Does the All Team Processing Agreement specify any requirements for the form of the assignment agreement?
All_Team Franchise · 2025 FDDAnswer from 2025 FDD Document
- E. Assignment. This Processing Agreement is personal to USER and shall not be assignable or transferable by USER, in whole or in part, either voluntarily or by operation of law, except with the prior written consent of ATFC, which consent shall not unreasonably be withheld.
For all purposes of this Processing Agreement, the transfer of the majority of the equity of USER to persons other than the present owners thereof, or of any substantial portion of the Business in one or more transactions, shall be deemed an assignment of this Processing Agreement requiring such consent.
Any assignment must be in conjunction with a corresponding assignment under the Franchise Agreement.
Source: Item 23 — RECEIPT (FDD pages 34–161)
What This Means (2025 FDD)
According to All Team's 2025 Franchise Disclosure Document, the Processing Agreement outlines specific requirements related to assignment.
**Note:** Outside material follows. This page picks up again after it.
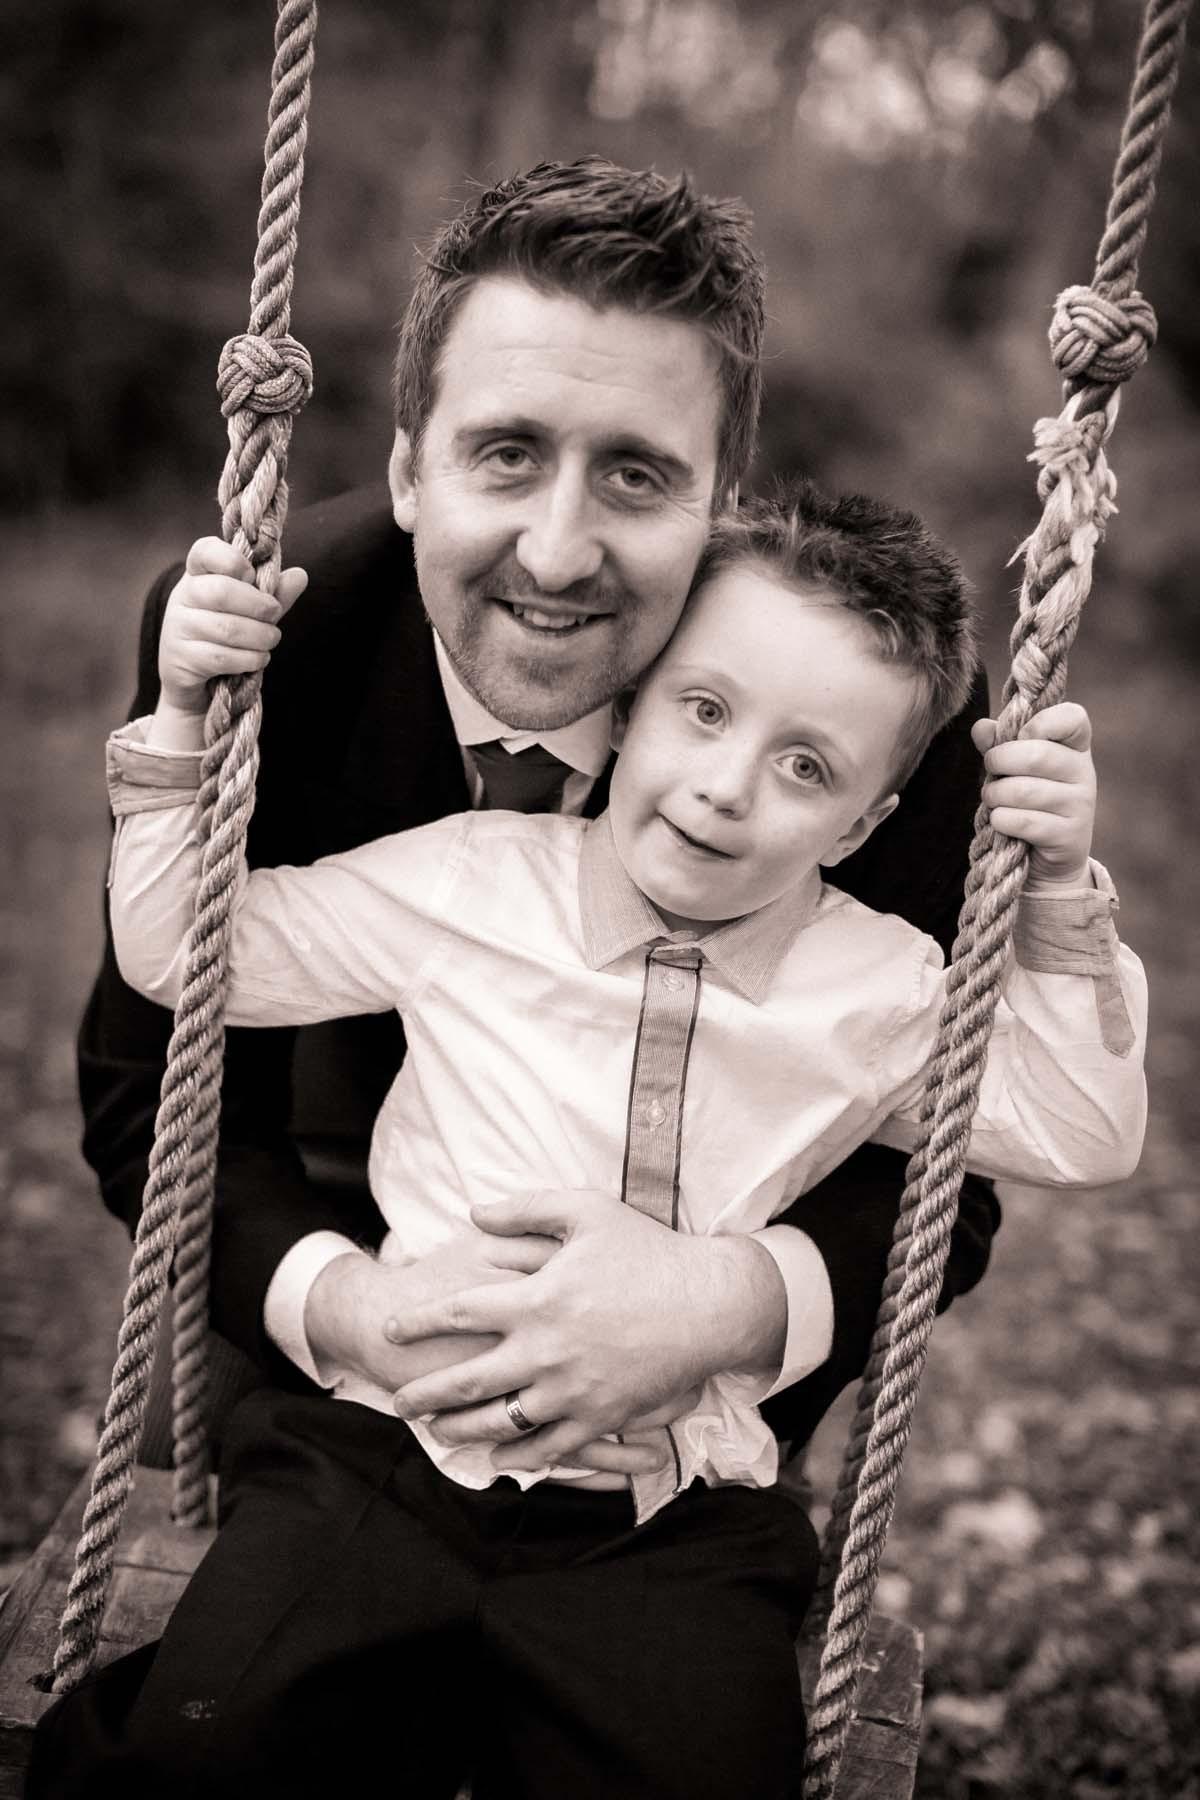 Sussex & Surrey Wedding Photographer - Children (4)

The agreement is personal to the franchisee (USER) and is not assignable or transferable, either voluntarily or by law, without All Team's prior written consent, which will not be unreasonably withheld.
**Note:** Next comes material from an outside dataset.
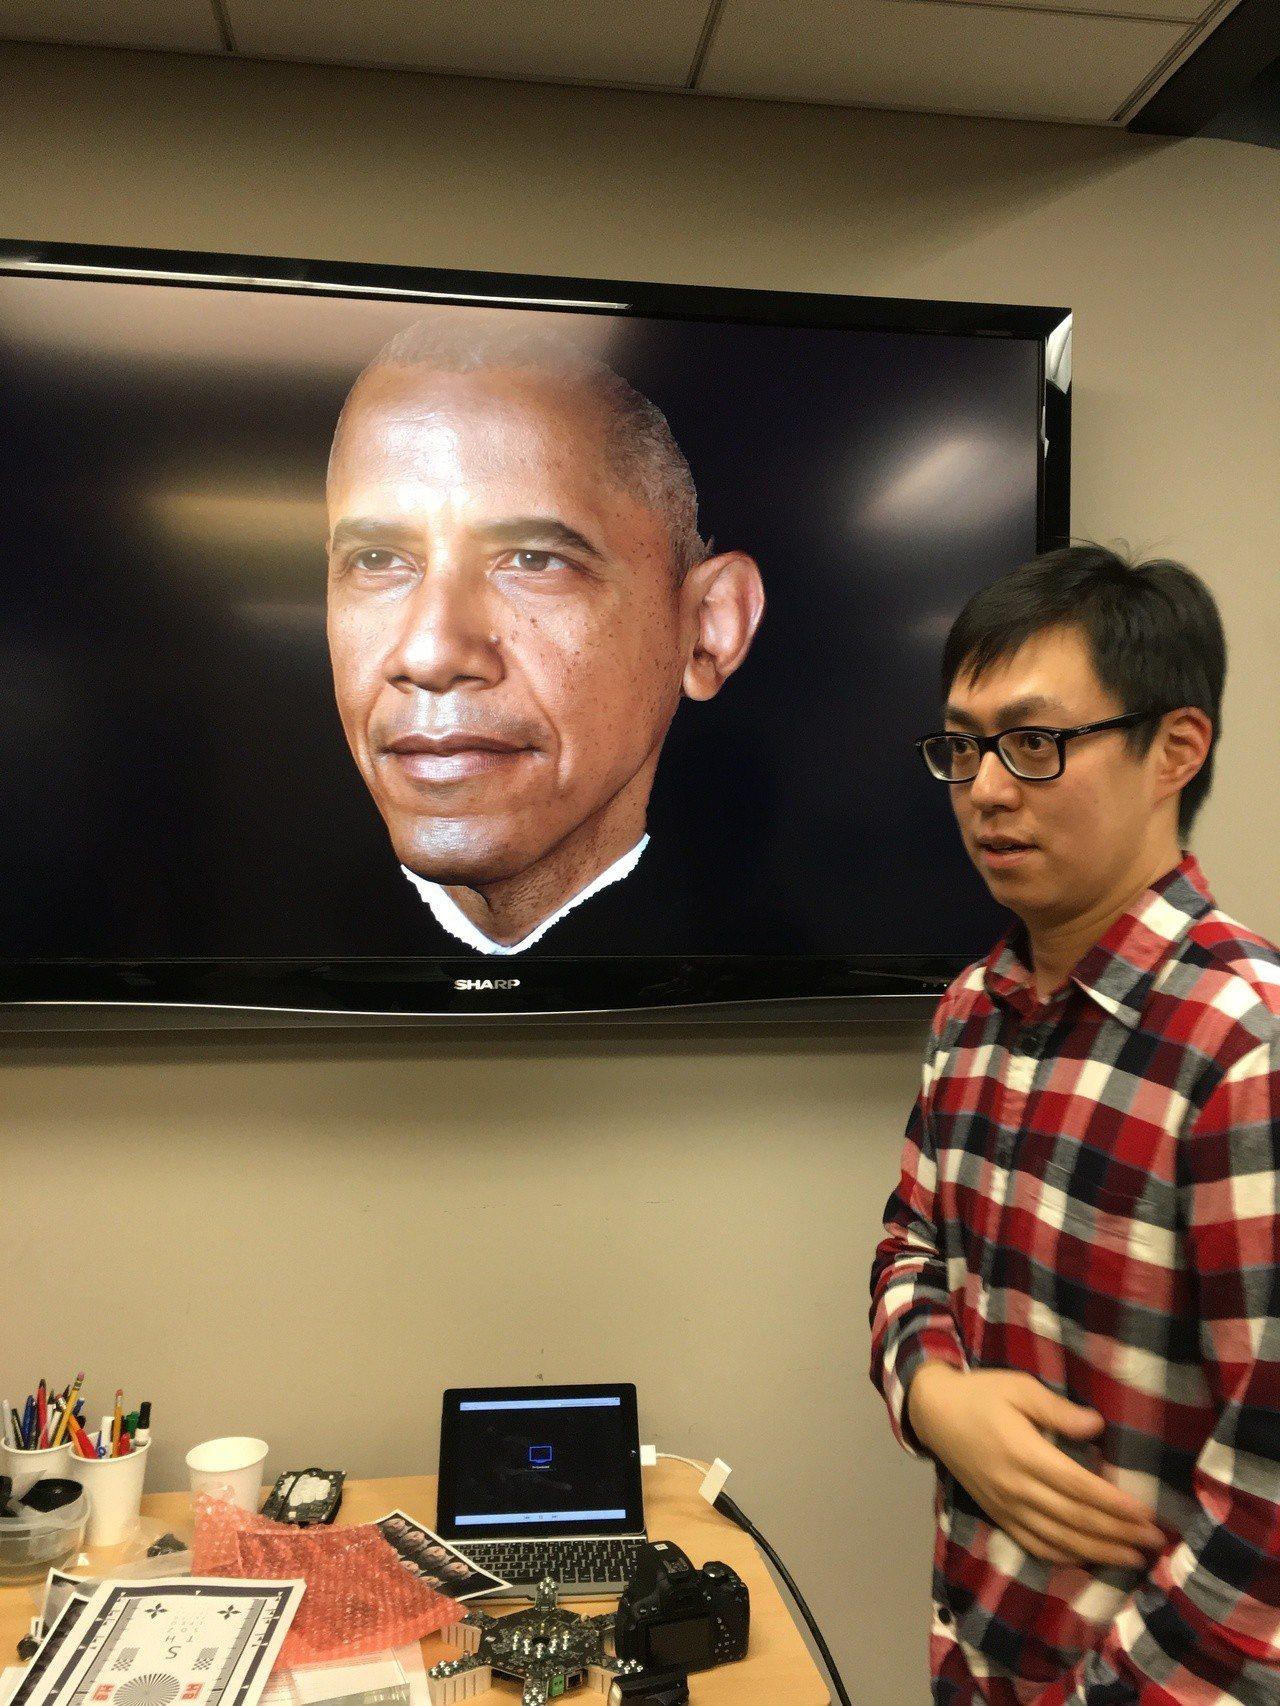 美國前總統歐巴馬的白宮畢業照,也是運用馬萬鈞的臉部捕捉技術拍照。圖/文化部提供

For a transfer of equity or a substantial portion of the business, it will be considered an assignment requiring consent. Furthermore, any assignment of the Processing Agreement must occur in conjunction with a corresponding assignment under the Franchise Agreement.
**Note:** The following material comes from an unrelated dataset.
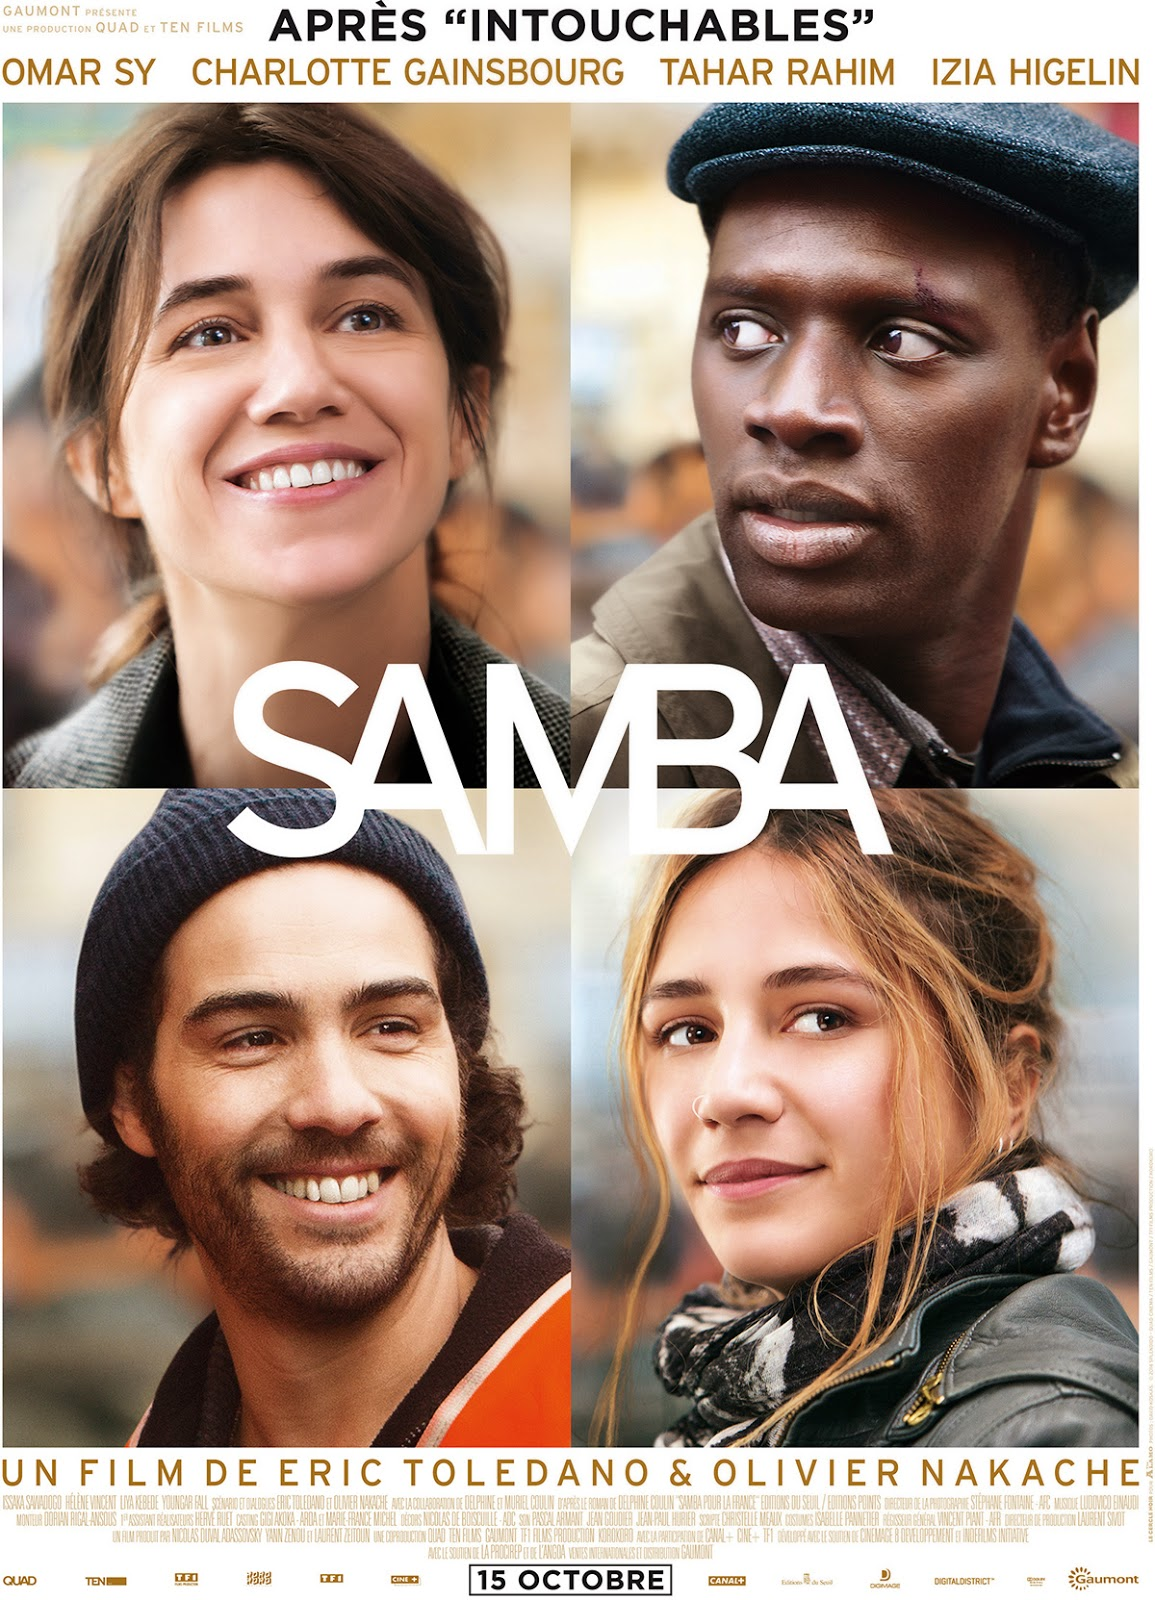 Affiche du film Samba. Source: allocine.fr

This means a prospective All Team franchisee needs to understand that they cannot transfer the Processing Agreement independently. Any transfer of ownership or a significant part of the business requires All Team's approval and must align with the transfer of the franchise itself. This ensures All Team maintains control over who is providing the processing services and that the new entity also complies with the franchise terms.